In some workplace cultures, relationships and politics, "who you know", etc. trumps everything else. I worked in a dysfunctional facility where management routinely hired their relatives and friends. It was a mental health facility, where many of the patients were vulnerable. Some of the technicians were absolutely horrible and had no business working in such a place. However, their aunt / cousin/ niece was a bigwig, and these employees made sure to let everyone know just whom they were connected to. New employees who came in and "made waves" by reporting verbal abuse or patient mistreatment were terminated while still on probation. One female tech was reported by several of her colleagues for patient abuse, but guess what? Her boyfriend, and later, her fiancée, was the facility investigator. No one saw anything wrong with their totally inappropriate relationship. I can understand the OP feeling ambivalent about reporting her preceptor if he is friends with people in high places.
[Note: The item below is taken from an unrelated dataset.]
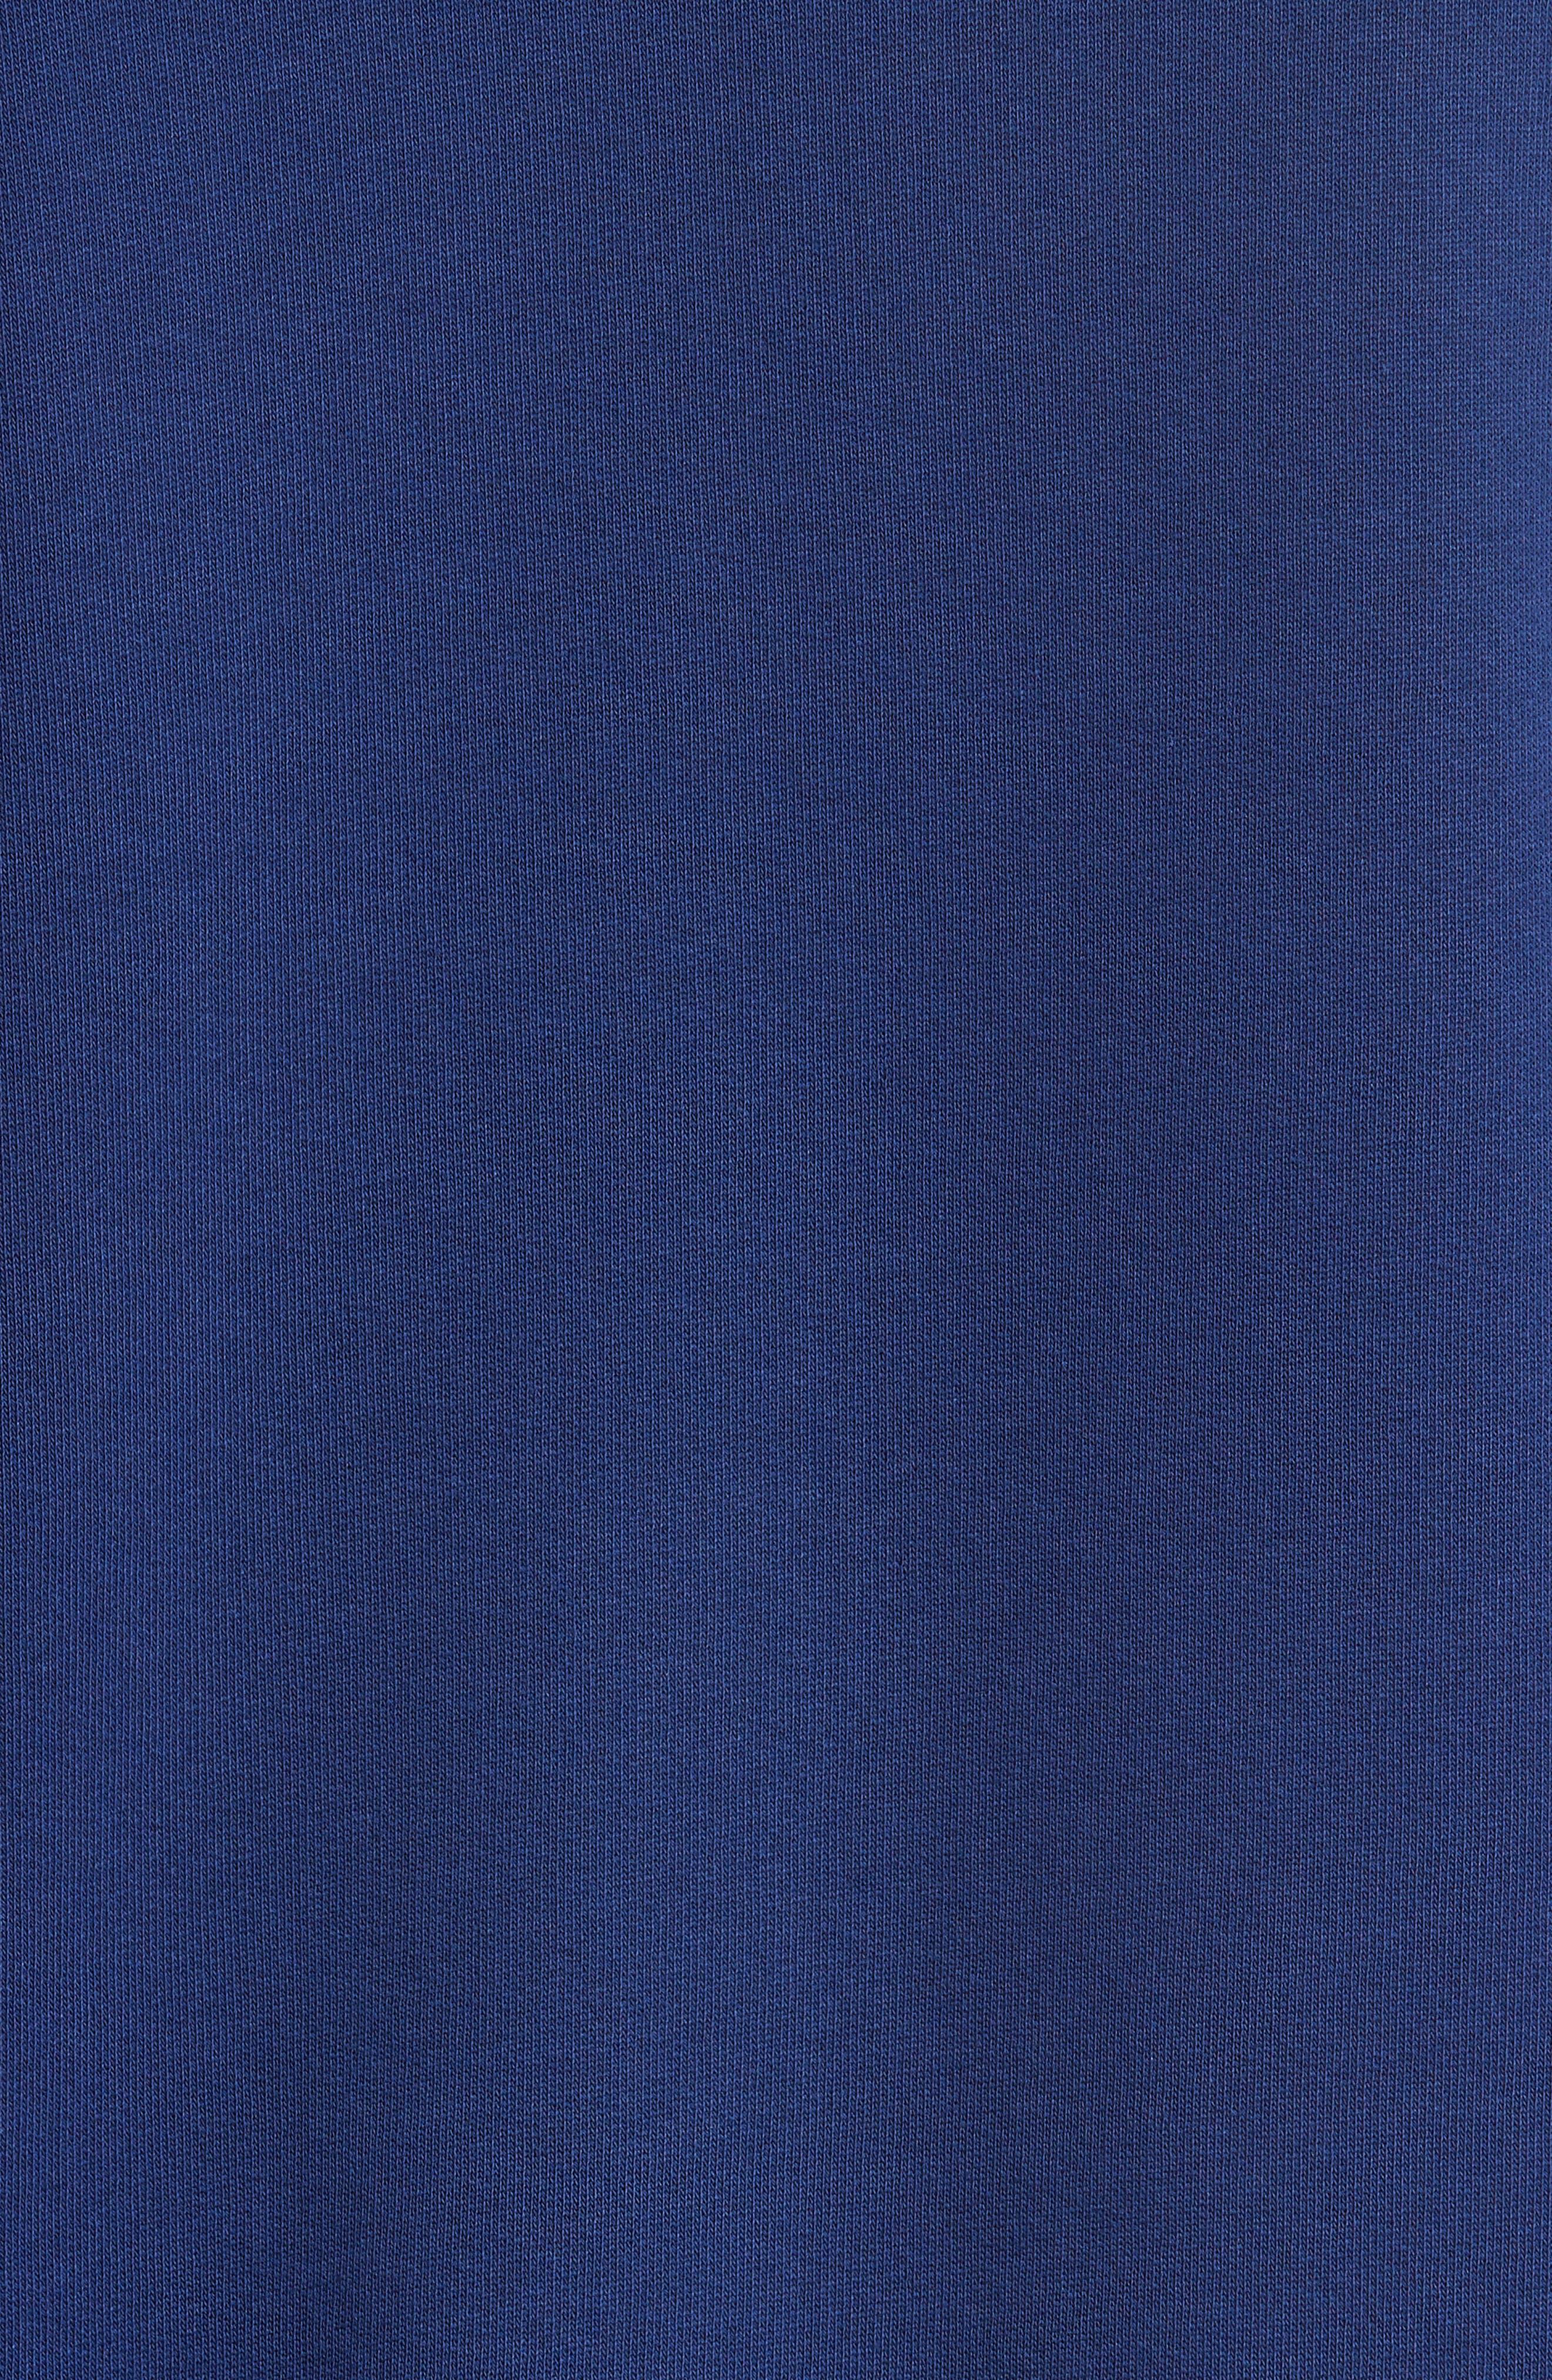 Embroidered Crewneck Sweatshirt,                             Alternate thumbnail 5, color,                             Blue

I would but again he is friendly with the manager and has worked at the hospital for 4 years. I have only been here 2 months. It may seem silly to most on here but you guys are more likely secure in your jobs. I am brand new to nursing, brand new to the U.S, far away from home and I don't know anyone here. many would never understand my life and the struggles I've been through to understand why I'm so worried of losing my job. When I first made this post I was accused of exaggerating. The person does not know the whole story but yet still basically accused me of making things out worse than they are. Of course no one on here knows whether or not this is even true but it is true to me and it is an issue that bothers me.
It can play out that same way in the workplace, my manager may accuse me of exaggerating, lying or trying to start problems on the unit without any question.
I don't know where you guys work but if I called one of our doctors about a missing chair alarm I might be looking for a new job.
Next time, when you contact the doctor for order clarification, take a verbal order. Just charting that the MD said it's ok doesn't cover you like having an order does.
Apparently, you have scrutinized the HR attendance policy, your manager, your preceptor and the "not even magnet" facility. Try analyzing your own behavior, starting with why you can't get to work on time.